It was Labor Day weekend, 2008, and RuPaul had escaped the heat in a friend’s Hollywood Hills pool, taking in the expansive views of Los Angeles before him. Production on the first season of RuPaul’s Drag Race would kick off the next day, and in his usual introspective way, the drag superstar was thinking about the future. “I remember being in that water on such a hot day thinking, from this moment on, my life will be very different,” he recalled. “And it absolutely has been since that day.”
RuPaul, who became the world’s biggest drag star in the ’90s with the release of his single, “Supermodel (You Better Work),” had been away from the limelight for about a decade when Logo picked up his show. But he sensed his third act might be his biggest. President Obama was about to be elected, and a new social and cultural order was in the air, the kind that made it possible to imagine drag thriving beyond underground culture. “I knew the show’s mission statement was to celebrate the art of drag,” RuPaul said, explaining his early optimism about the show’s appeal last month, four days before production on the show’s tenth season began in Los Angeles. “And I knew that drag has more significant meaning and power than just what it seems like on the surface — it speaks to the duality of our lives as humans on this planet.”
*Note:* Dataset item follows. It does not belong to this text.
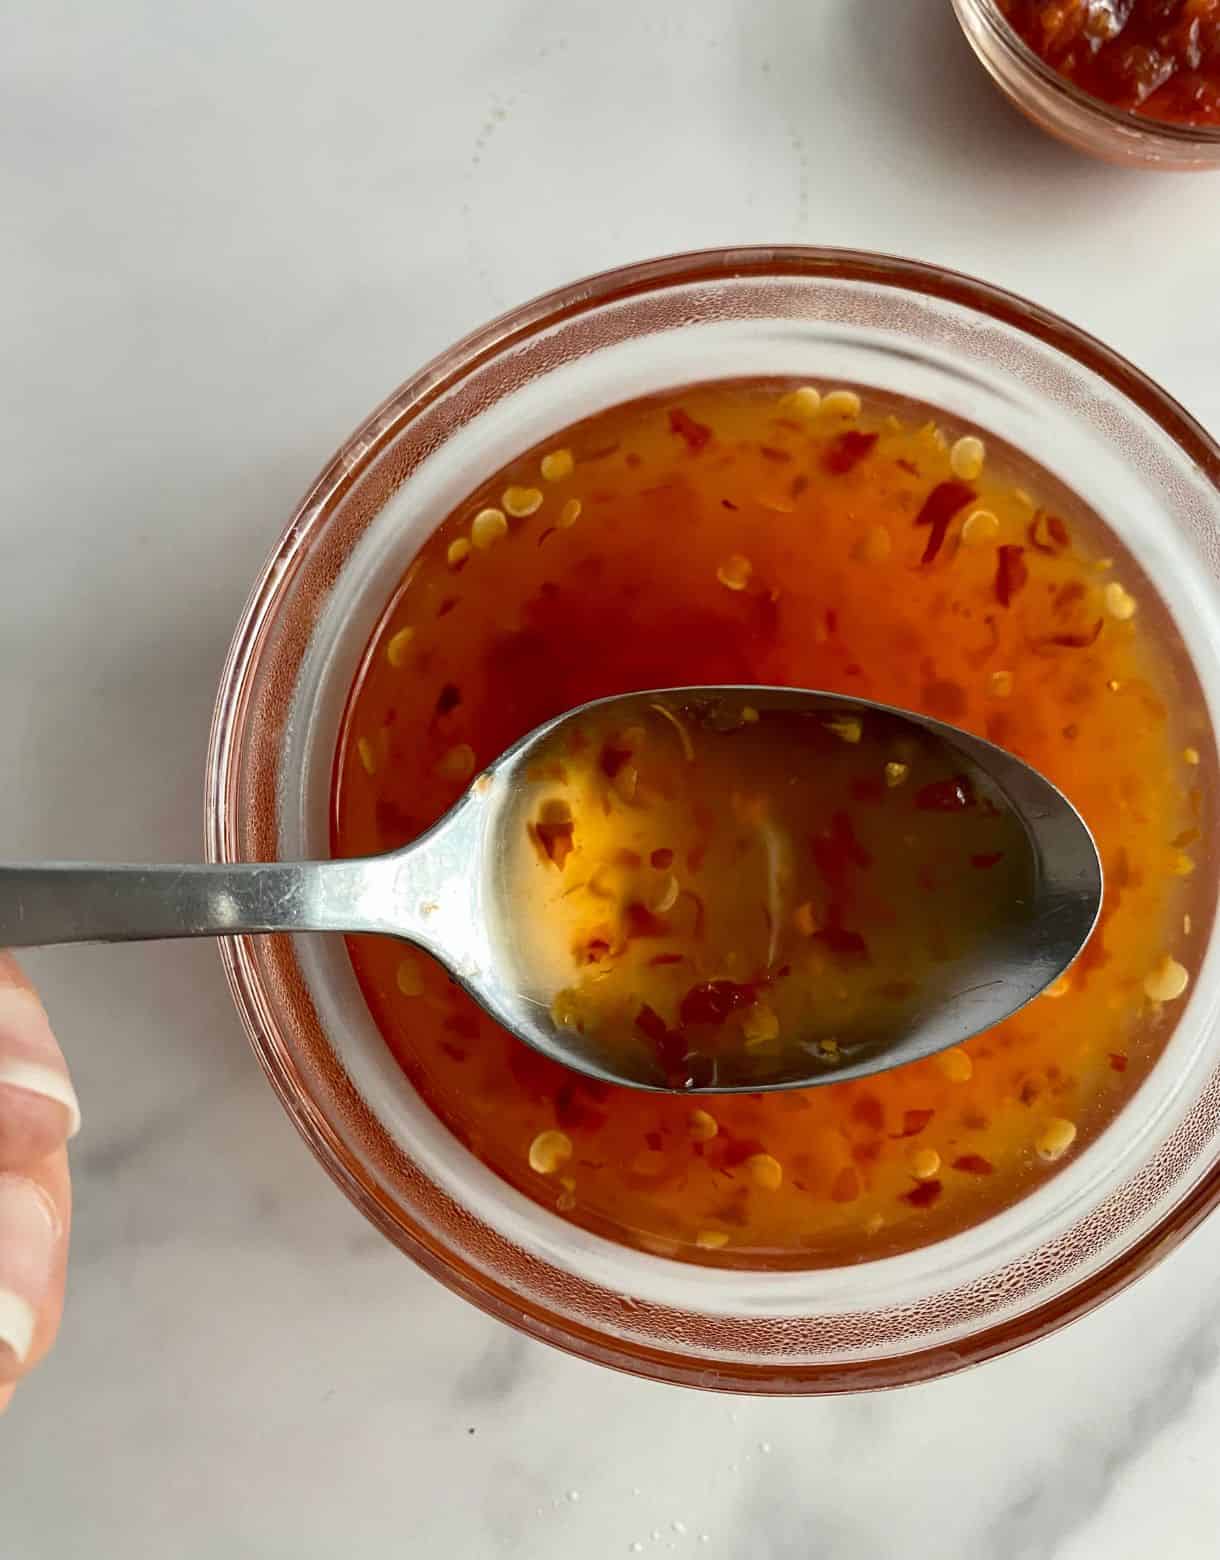 A bowl of Sweet Chili Sauce with a spoon.

As it has turned out, he wasn’t fantasizing. Since Drag Race premiered in 2009, 11 seasons have aired, including two All-Star editions (a third was just picked up). The competition show with a car-race motif spawned three spinoffs, UnTucked, RuPaul’s Drag U, and RuPaul’s Drag Race: Ruvealed, and led to the creation of RuPaul’s DragCon, which has catapulted many of the show’s 113 contestants to international stardom. Last season, Drag Race made the switch to Logo’s sister network VH1, where its ratings doubled and popularity soared higher, jump-started by a Lady Gaga appearance in the premiere that clocked nearly 1 million viewers. In May, Saturday Night Live spoofed the cultural juggernaut during its most popular season in years, with a skit featuring Chris Pine and four other cast members as straight car mechanics who love Drag Race and engage in a lip-sync battle. Then came the kind of acceptance that RuPaul never anticipated, or even particularly desired: In July of this year, the series was nominated for a whopping eight Emmys, including outstanding reality competition. RuPaul also was nominated again for his work as host (he won the trophy last year), a job with several roles: tough taskmaster, therapist, runway slayer, judge.